I want to thank Mary Spangler, the Chancellor of the Oakland Community College; and Ed Callaghan, who's the President. Thank you all for having me. I want to thank my friend, Mark Wills, country/western singer, for being here. (Applause.) Most of all, thank you all for being here. (Applause.)

In less than a month you'll have a chance to vote for Dick Cheney and me. As your President, I've worked to make America more hopeful and more secure. I've led our country with principle and resolve, and that is how I'll lead our nation for four more years. (Applause.)

When I took office in 2001, the bubble of the '90s had burst and our economy was headed into a recession. Because of the attacks of September the 11th, nearly a million jobs were lost in three months. It was a dangerous time for our economy. People were warning of potential deflation and depression. And I led. To stimulate the economy, I called on Congress to pass historic tax relief -- which it did. (Applause.) The tax relief was the fuel that got our economy growing again. Thanks to the efforts of our citizens and the right policies at the right place at the right time, we put the recession behind us, and America is creating jobs again. (Applause.)

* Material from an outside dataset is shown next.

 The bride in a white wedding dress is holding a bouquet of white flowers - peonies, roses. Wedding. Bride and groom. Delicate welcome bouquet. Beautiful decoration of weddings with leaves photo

We have built a broad and solid record of accomplishment. In the past year, the United States of America has added about 1.7 million new jobs -- more than Germany, Japan, Great Britain, Canada and France combined. (Applause.) Real tax -- real after-tax income, the money in your pocket you have to spend on groceries and house payments and rent, is up more than 10 percent since I took office. Home ownership is at an all-time high in America. (Applause.) The farm economy is strong. The entrepreneurial spirit is alive and well. The small business sector of America is doing well. (Applause.)

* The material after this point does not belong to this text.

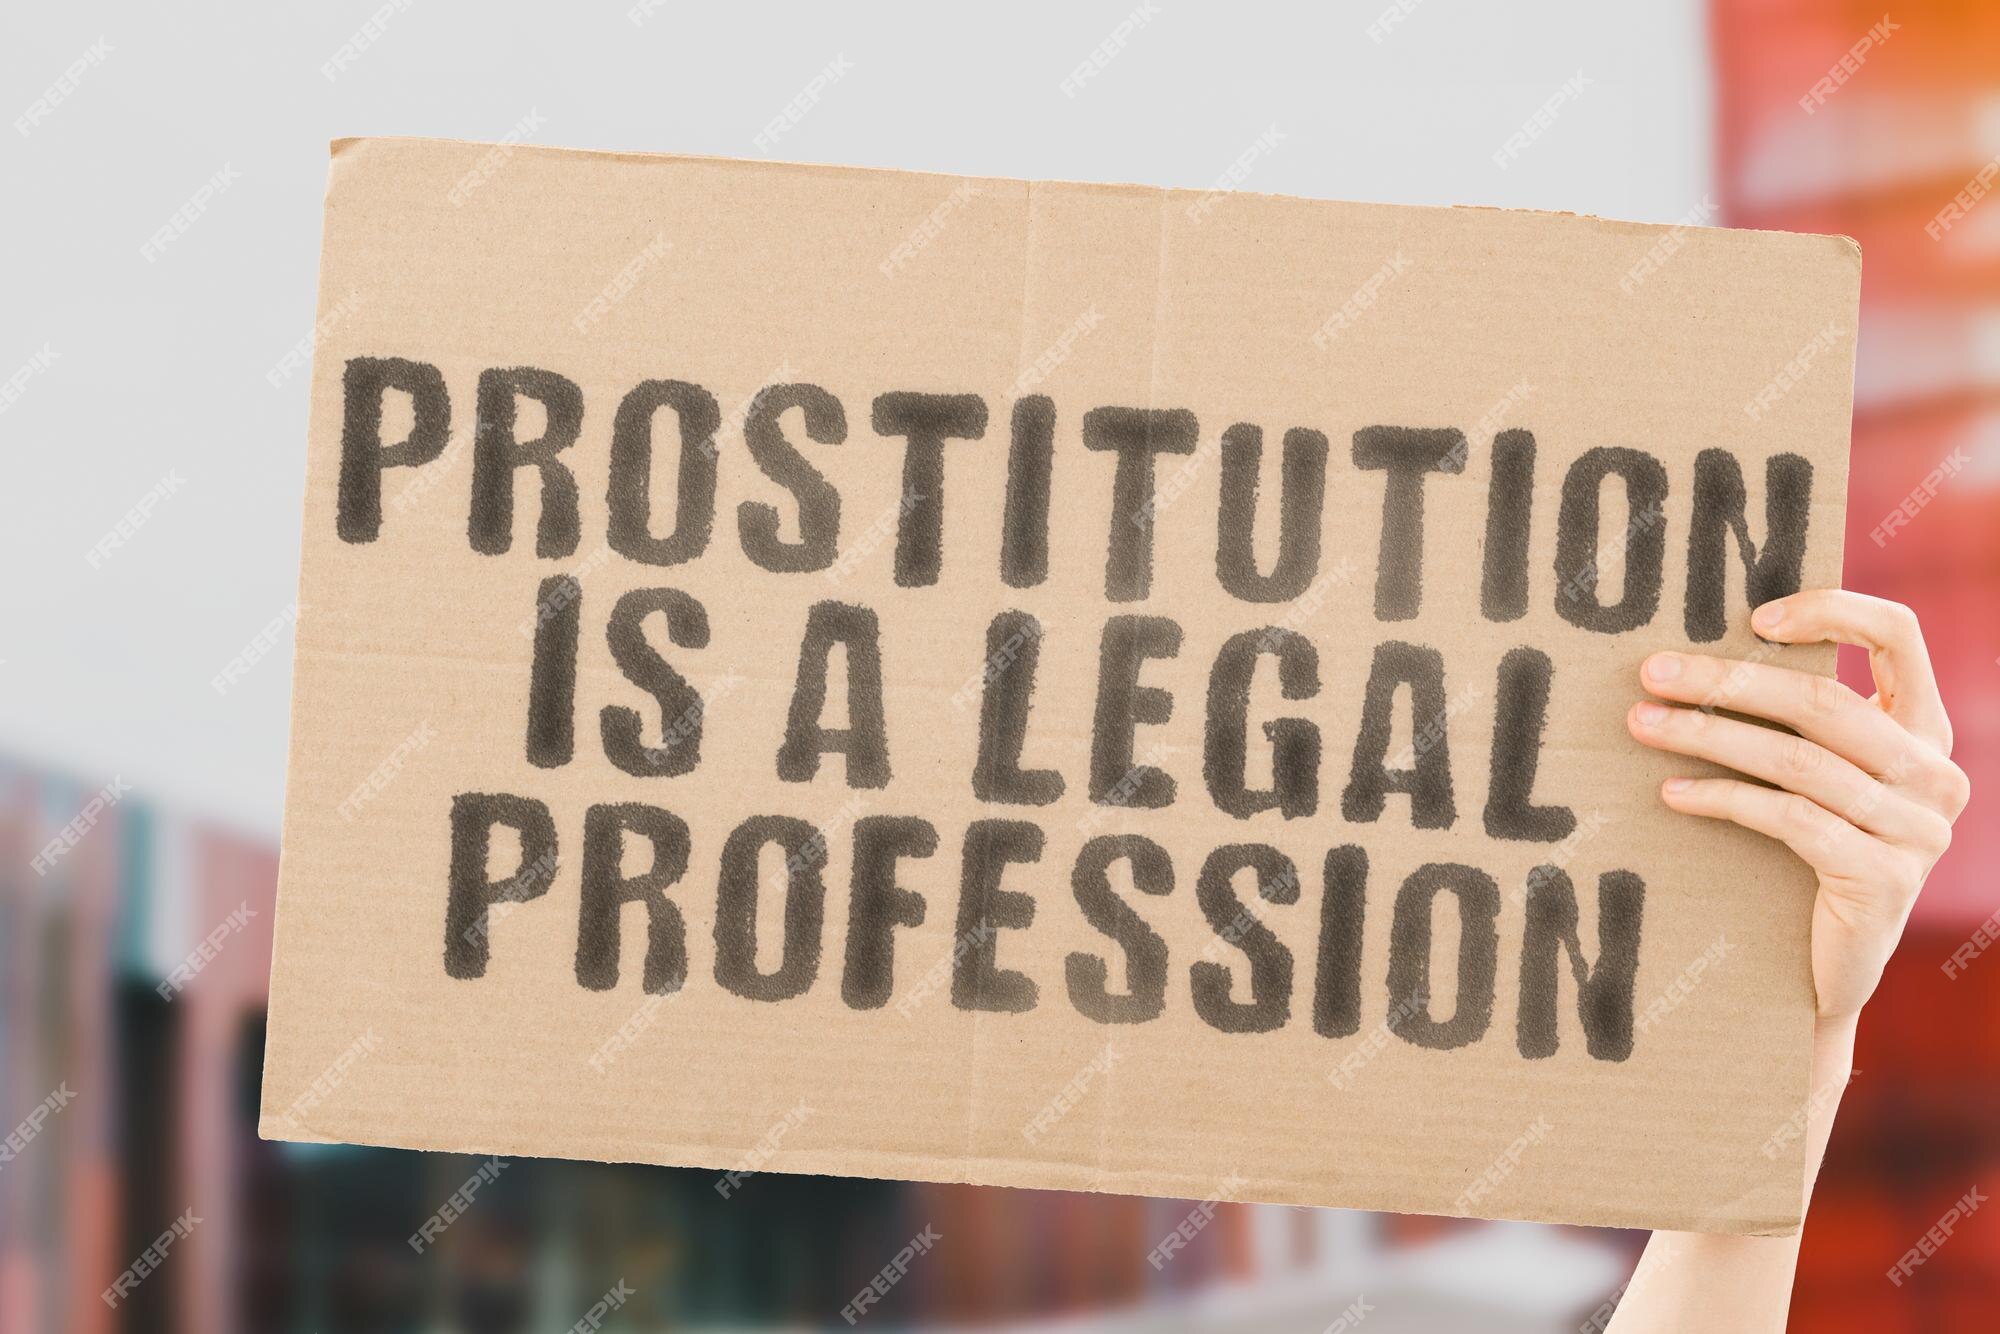 phrase-prostitution-is-legal-profession-banner-men-s-hand-with-blurred-background-sex-industry-service-escort-body-earnings-taxes-legislation-clients_75939-906.jpg
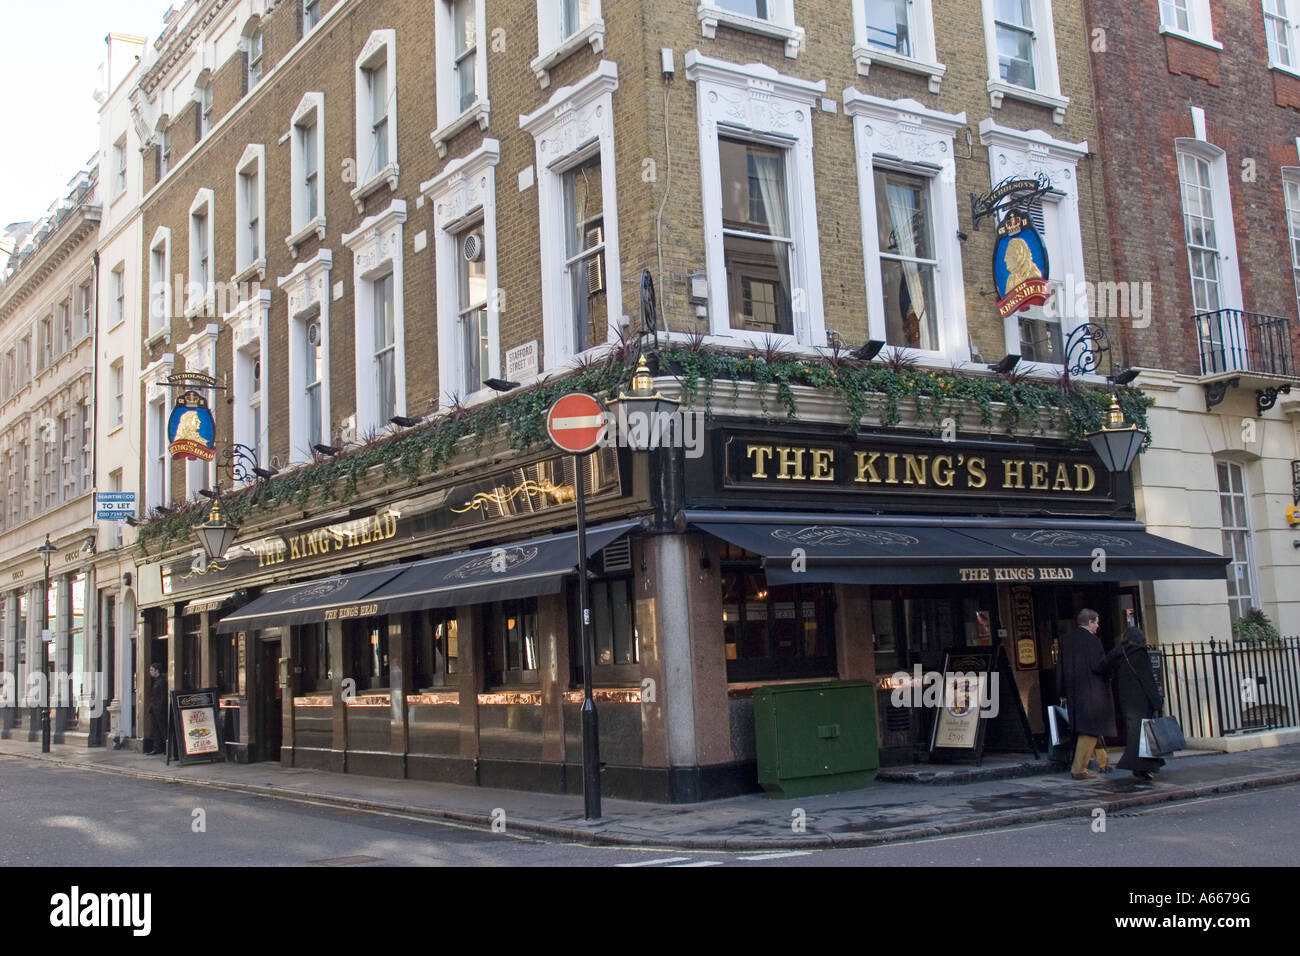 The Kings Head Public house, on the corner of Albemarle Street and Sutton Street London GB UK Stock Photo

Thanks to our reforms in education, math and reading scores are increasing in our public schools. Under my budget, 10 million students will get record levels of grants and loans to help with college. (Applause.) Low-income seniors are getting $600 extra to help pay for medicine this year, and soon Medicare will offer prescription drug coverage to every senior in America. (Applause.) We've made America stronger, and we're just getting started. (Applause.)

Listen, I understand we're living in changing times -- people are living and working in a time of change. Workers switch jobs more often than they used to, which means they need -- oftentimes, need new schools and new benefits that they can take with them from job to job. Ultimately, in our competitive global economy, it's our people that make America successful. And that's why I believe education is so vital. (Applause.)

So we'll raise standards and expectations for every public school in America. We'll invest in our nation's fine community colleges, like this one right here, so they prepare workers for the jobs of the 21st century. We'll expand health savings accounts so people can pay health expenses with tax-free money. We'll improve Social Security to allow younger workers to own a piece of their retirement, a nest egg that Washington, D.C. politicians can never take away. (Applause.)

To keep our economy strong and competitive, we must make sure America is the best place in the world to do business. (Applause.) That's why we need to make our tax relief permanent for our small businesses and our families. (Applause.) To keep jobs here, we need to cut needless regulations. To keep jobs here, we need to pass an energy plan that makes our nation less dependent on foreign sources of energy. (Applause.) To make sure we got jobs here, we need to stop these junk and frivolous lawsuits that badger our employers. (Applause.)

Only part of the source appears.